RECHTBANK OOST-BRABANT

Zittingsplaats 's-Hertogenbosch
Bestuursrecht
zaaknummer: SHE 18/2233

uitspraak van de enkelvoudige kamer van 14 maart 2019 in de zaak tussen

[eiser] , te [woonplaats] , eiser

en

de heffingsambtenaar van de gemeente Haaren, verweerder

(gemachtigde: M.G.M. Schwering).

Procesverloop

Bij beschikking van 30 juni 2018, vervat in een op die datum gedagtekend aanslagbiljet, heeft verweerder op grond van de Wet waardering onroerende zaken (Wet WOZ) de waarde van de onroerende zaak, plaatselijk bekend als [perceel] Nabij, te Haaren (hierna: het perceel), per waardepeildatum 1 januari 2017, voor het kalenderjaar 2018, vastgesteld op € 3.000. In dit geschrift is tevens de aanslag onroerende-zaakbelastingen (OZB) voor het kalenderjaar 2018 bekend gemaakt.
Bij uitspraak op bezwaar van 4 september 2018 (de bestreden uitspraak) heeft verweerder de waarde van de onroerende zaak gehandhaafd.
Eiser heeft tegen de bestreden uitspraak beroep ingesteld.
Verweerder heeft een verweerschrift ingediend.
Eiser heeft na het verweerschrift nadere stukken ingediend.
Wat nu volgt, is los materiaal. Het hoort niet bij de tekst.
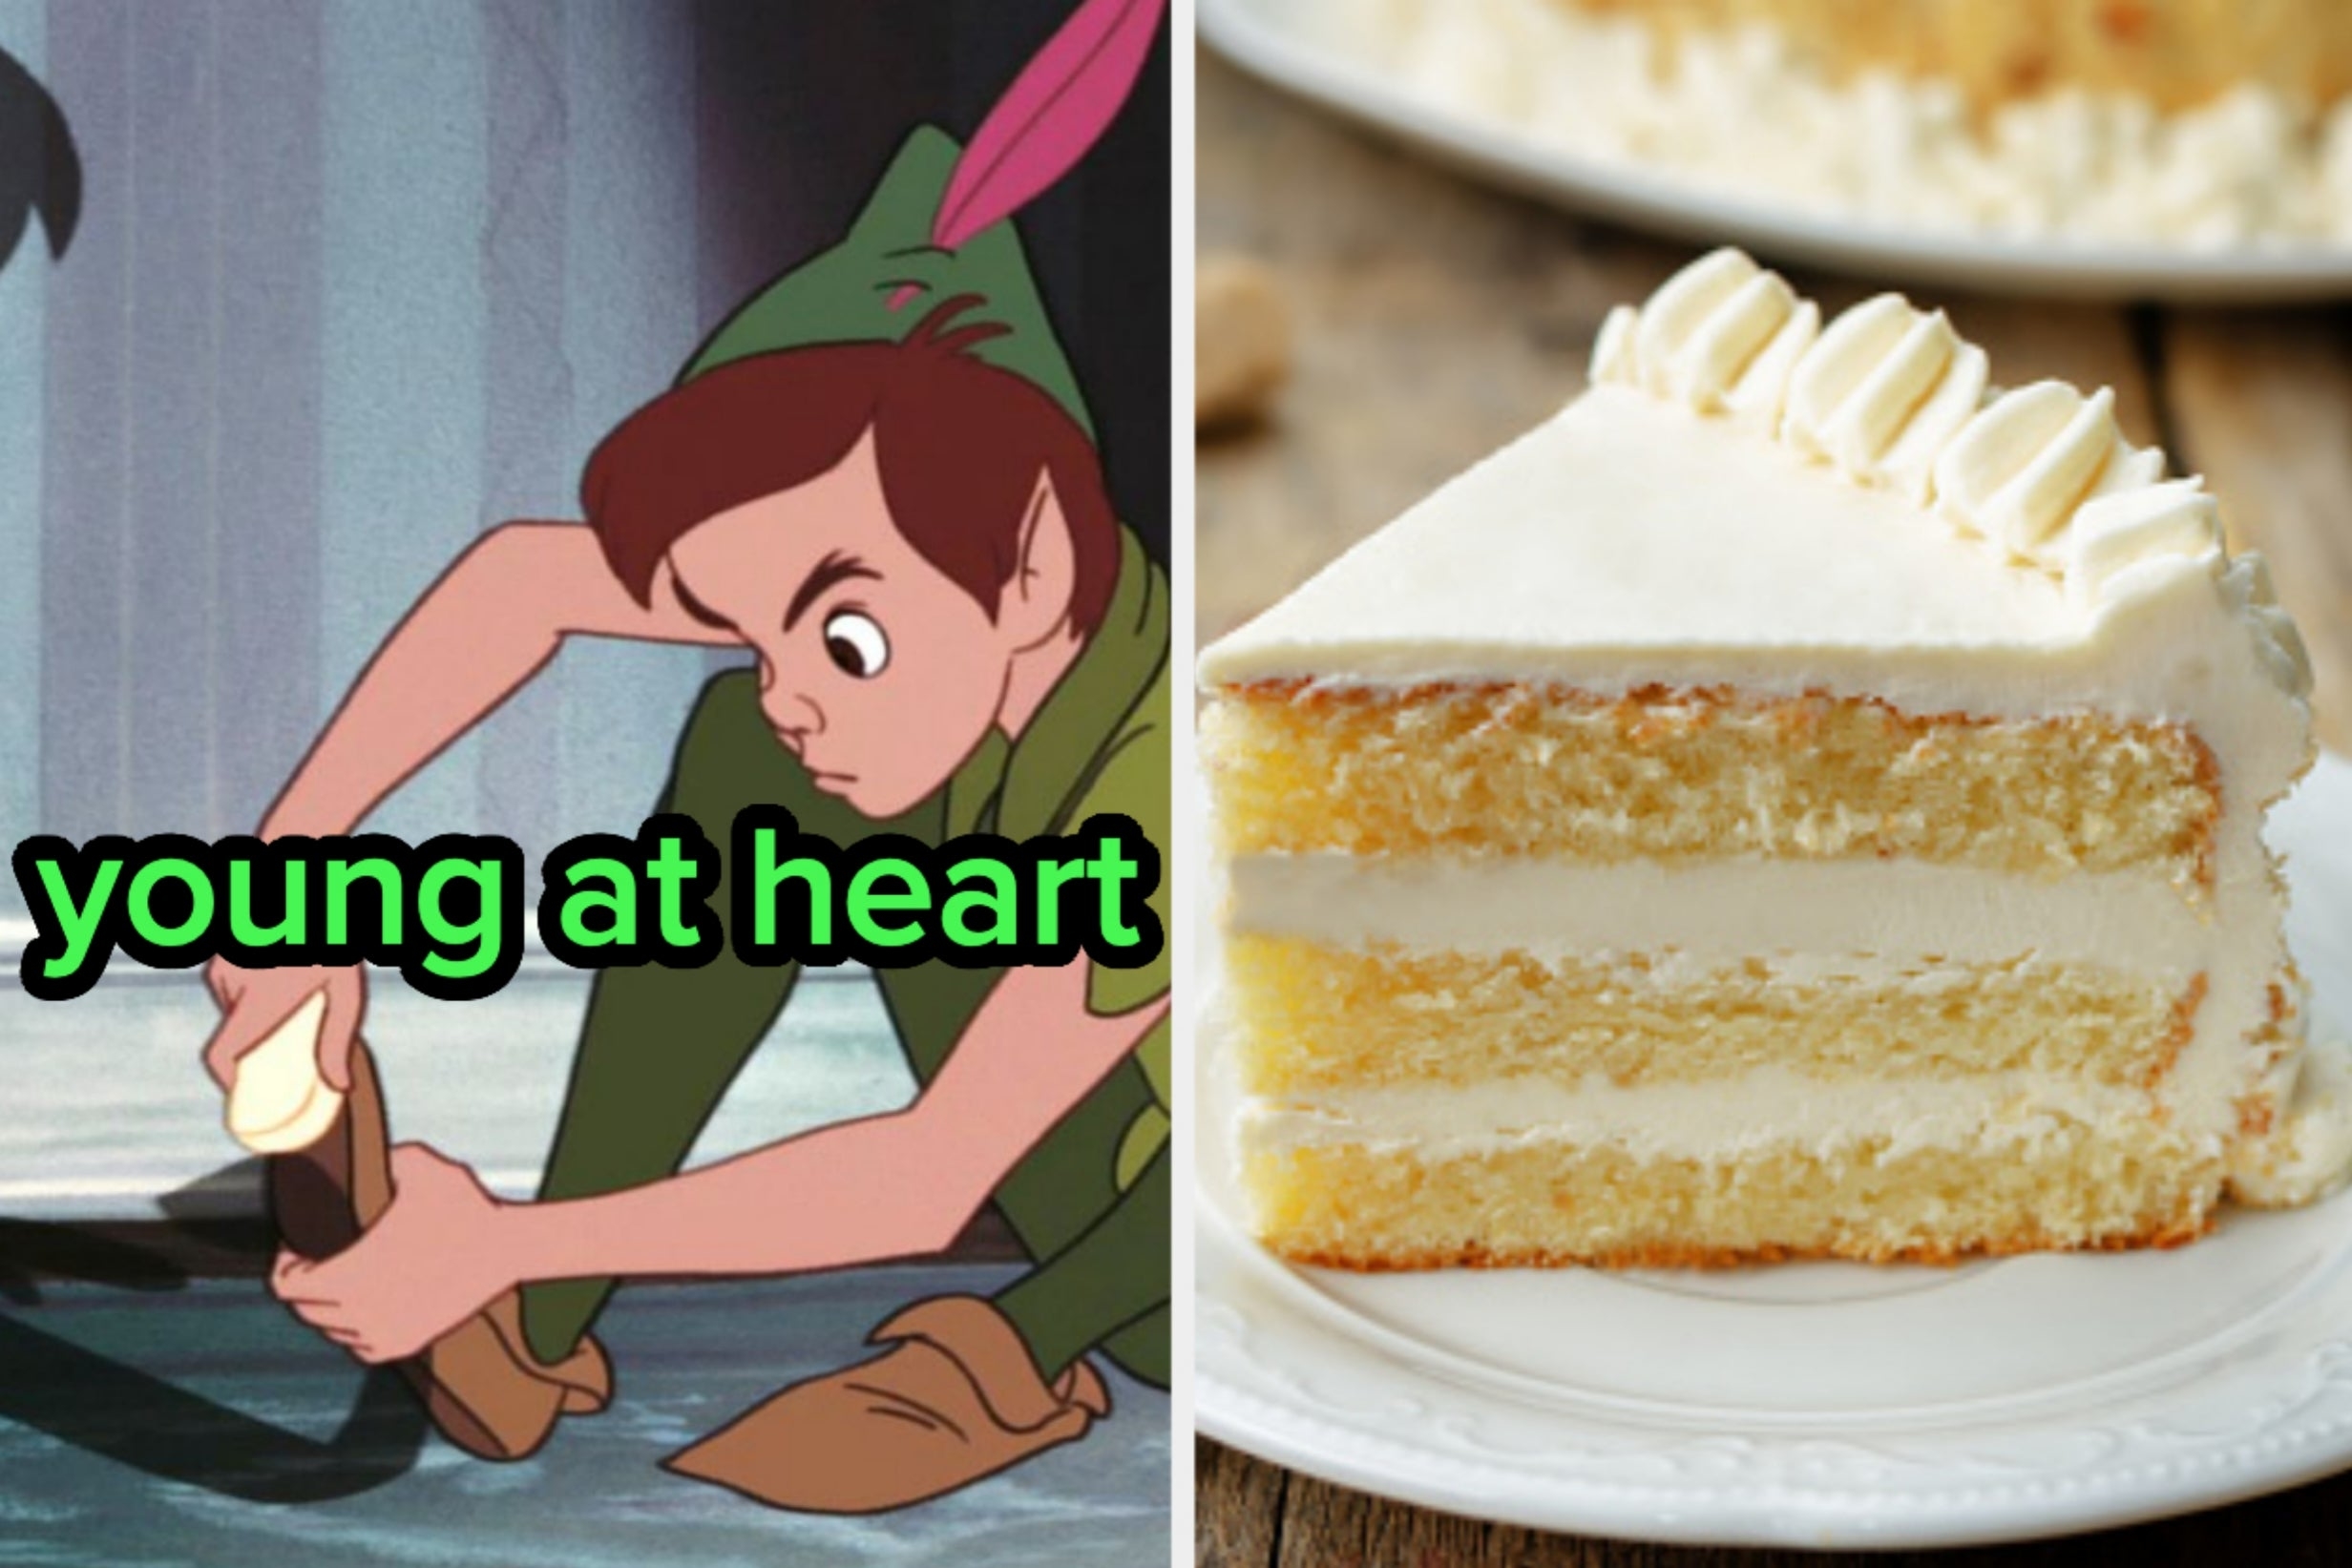 On the left, Peter Pan labeled young at heart, and on the right, a slice of vanilla cake

Verweerder heeft hierop gereageerd.
Verweerder heeft een nader stuk ingediend.
Het onderzoek ter zitting heeft plaatsgevonden op 26 februari 2019. Eiser is verschenen vergezeld van zijn zoon. Verweerder heeft zich laten vertegenwoordigen door zijn gemachtigde, bijgestaan door W.J. Nieuwenhuis, taxateur.

Overwegingen

Feiten
1. Eiser is eigenaar van de onroerende zaak. De onroerende zaak betreft een perceel bosgrond plaatselijk bekend als [perceel] Nabij, kadastraal bekend als
Sectie [nummer] (het perceel). De oppervlakte van het perceel is ongeveer 3.130 m².
Geschil en beoordeling
2. Op 7 februari 2019 heeft taxateur Nieuwenhuis in opdracht van de gemeente Haaren een taxatierapport opgemaakt. Blijkens dit rapport is aan het perceel een waarde toegekend van € 3.000.
3. Tussen partijen is de WOZ-waarde van het perceel op de waardepeildatum 1 januari 2017 niet (meer) in geschil.
4. Eiser stelt zich op het standpunt dat de waarde van het perceel buiten beschouwing dient te worden gelaten, omdat het perceel een natuurterrein is dat door Natuurmonumenten wordt beheerd.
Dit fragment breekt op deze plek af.